Cyber Update: Personal Certification by Corporate Executives on the Rise

The likelihood of meaningful federal cybersecurity legislation in 2020 remains suspect. Yet, developments in 2019 show that cybersecurity regulation is headed toward a Sarbanes-Oxley model with or without congressional input. The Sarbanes-Oxley Act (SOX) had a significant effect on corporate governance in the United States by requiring public companies to strengthen audit committees, perform internal controls tests, and make directors and officers personally liable for the accuracy of financial statements. For SOX certifications, the act requires that an organization's senior officer personally certify the accuracy of the company's financial reports. A false certification can implicate personal liability. Regulation of cybersecurity is taking a similar approach.
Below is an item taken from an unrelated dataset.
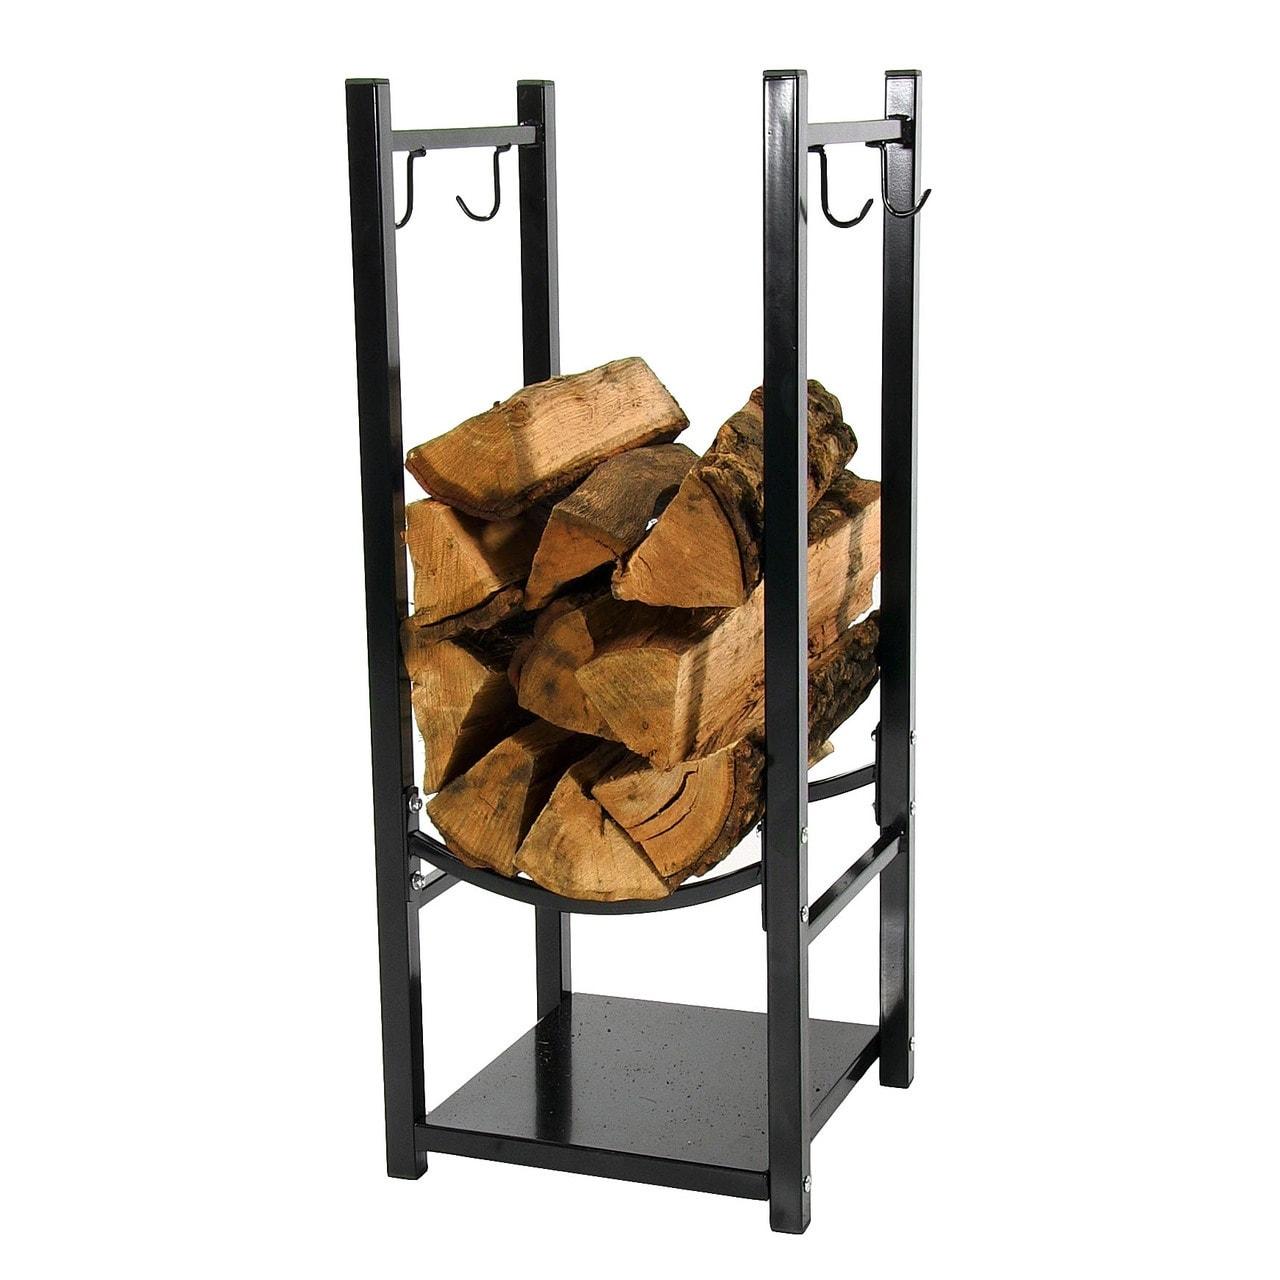 Wood Storage  Organization Store Shop The Best Deals For Sep - Wide bookshelves
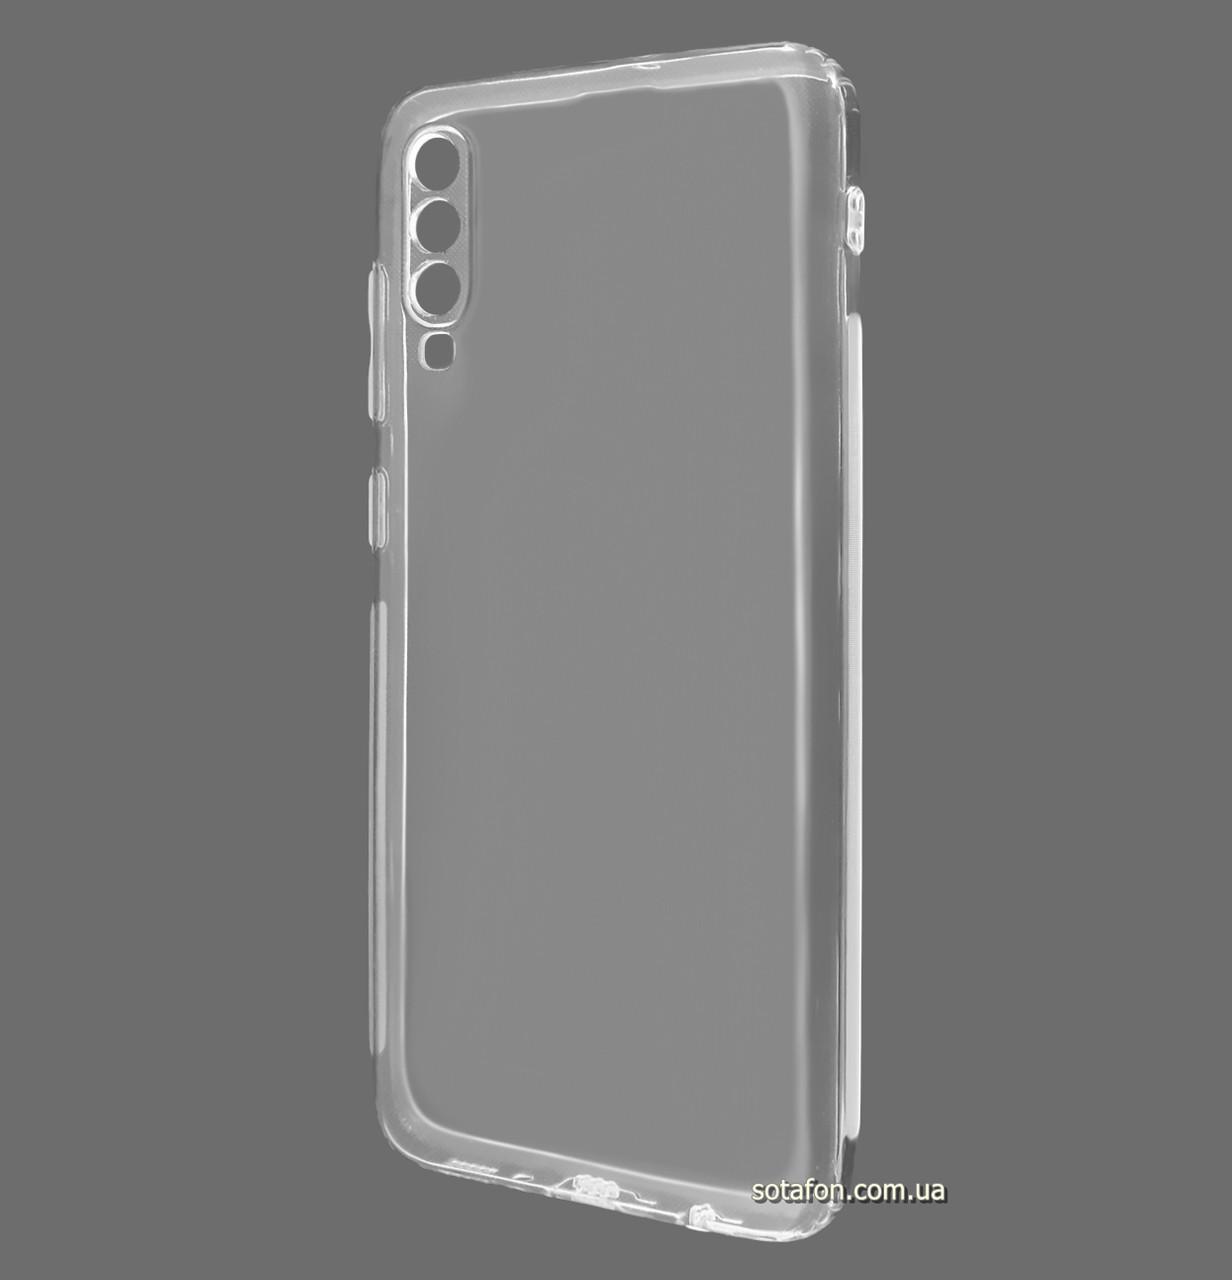 Силиконовый чехол KST Ultra-thin на Samsung Galaxy A30s SM-A307F Clean Grid Transparent

Cyber regulations promulgated by the New York Department of Financial Services (NY DFS), 23 NYCRR Part 500, in 2017 were among the first to require personal certification of a senior officer to compliance of the regulations' requirements. In 2019, cybersecurity regulation veered further toward the Sarbanes-Oxley model, materializing in numerous Federal Trade Commission (FTC) orders, and in a significant, but little spoken about, rule change in the financial services industry when the Securities and Exchange Commission required members of the National Securities Clearing Corporation (NSCC) to undertake cybersecurity confirmations. Growing passage of the model law for insurance data security in multiple states, including Delaware, also incorporates the certification requirement.

The threat of personal liability adds teeth to requirements in regulatory regimes for a written and comprehensive cybersecurity program. Yet, it has not received much attention. This article briefly addresses these 2019 changes.